Words and Images provided by Rory Turner
Rory Turner is an undergraduate student at the Bartlett School of Architecture, UCL. His 2nd year building project, “Caravaggio Dreams of Sushi,” proposed a sushi restaurant situated along the Regent’s Canal in Hoxton, East London.

An experiment in the mastery of light and shadow within architecture; the project became a research platform to explore the interpretation of light within the context of Japanese cultural and artistic traditions which embrace themes of delicacy and subtlety. Following a two-week research trip to Japan, these more sensitive qualities of light were then compared and contrasted to light’s more expressive, dramatic depiction present within Western Renaissance artwork, such as the striking paintings of Caravaggio. I became fascinated by the idea of harnessing light in order to construct darkness, using the shadow as a space for curiosity and invention.
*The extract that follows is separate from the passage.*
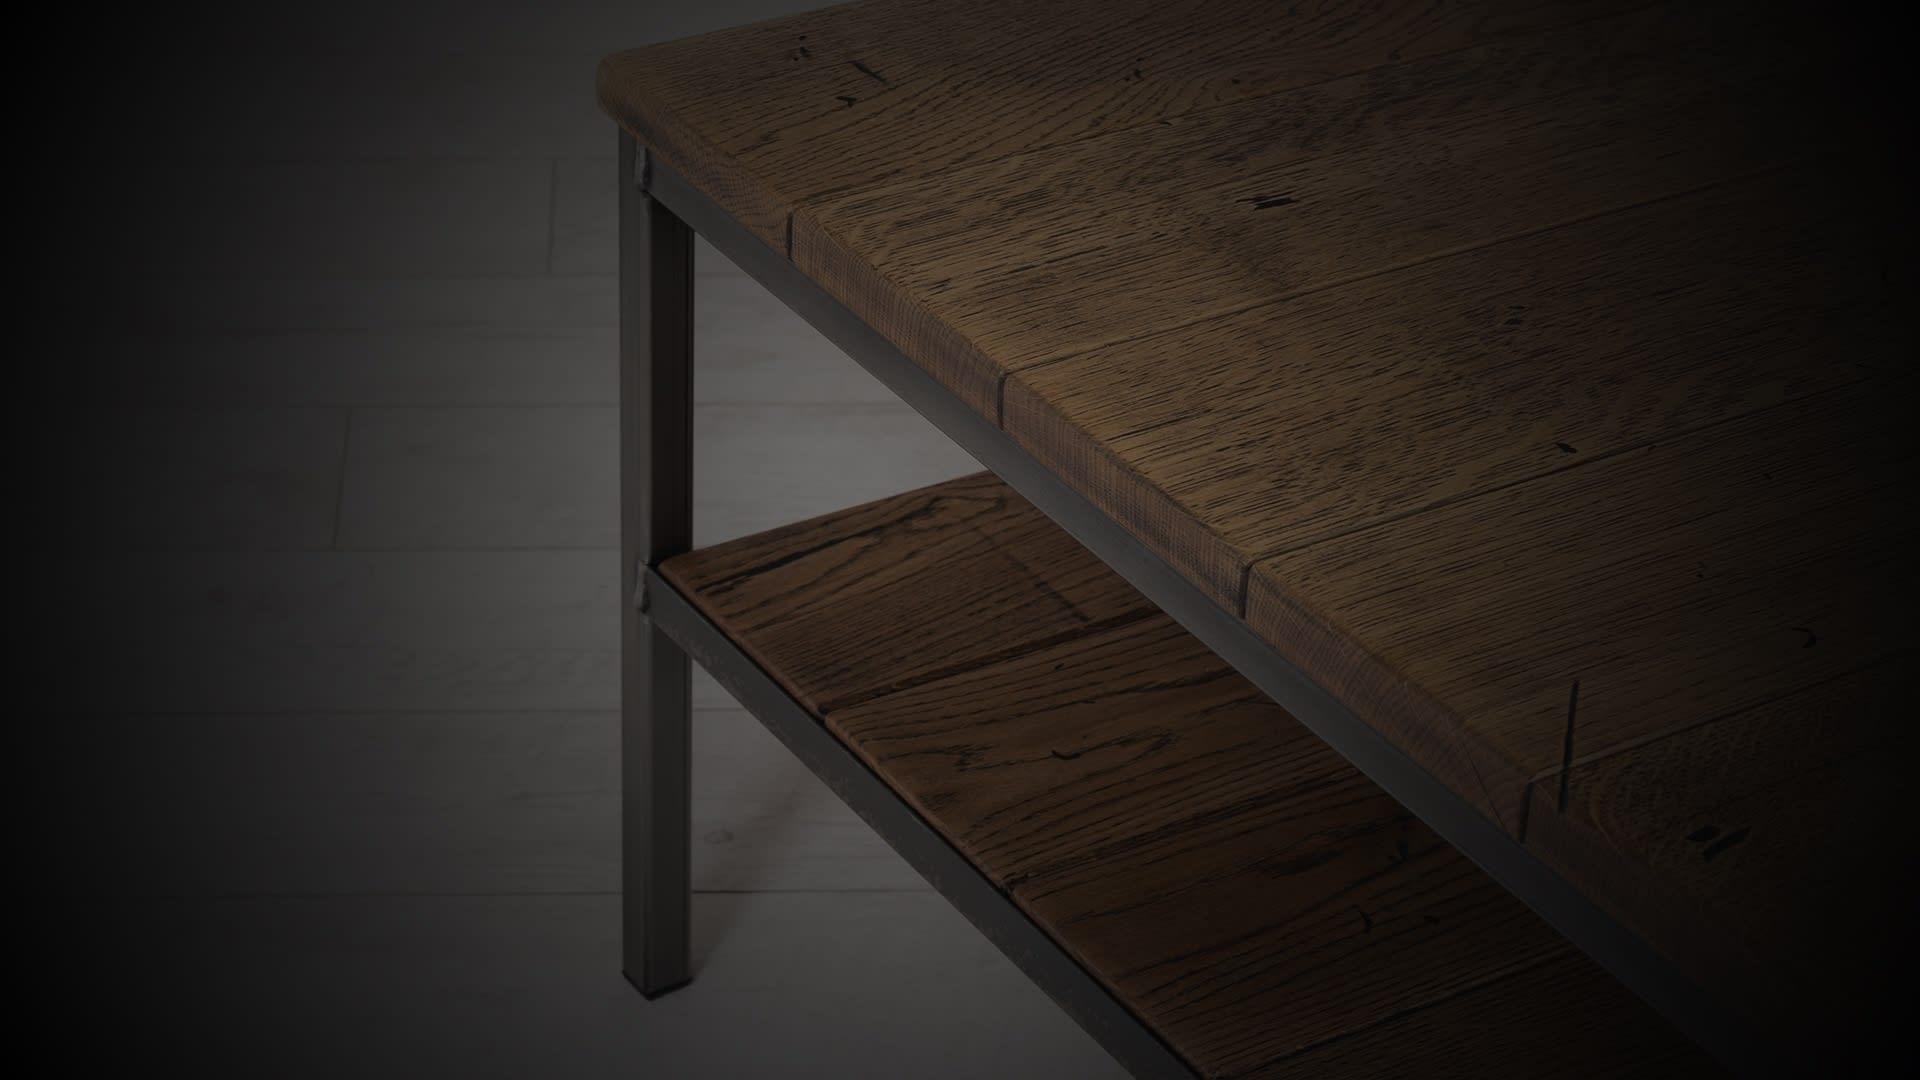 SV warehouse coffee table darkened

Beginning with representations of illuminated “moments” within the architecture etched in chalk; the design method soon evolved into a scientific process of constructing an architecture through physical light experiments with small “sets” for the dining spaces.


As the building started to take shape, these experiments migrated into the digital realm. Maxwell, an advanced rendering programme, was used to accurately simulate the interior and exterior lighting in order to design the dining spaces in such a way as to be illuminated by a concealed central kitchen space. The final form of the building therefore results from an iterative process of both carefully slicing into and extruding walls and ceilings in order to let light trickle into the space whilst paradoxically maintaining the construction of darkness.

The hope of the project was to create a spiritual experience that both celebrates and respects Japanese cuisine in order to create a cathedral to sushi.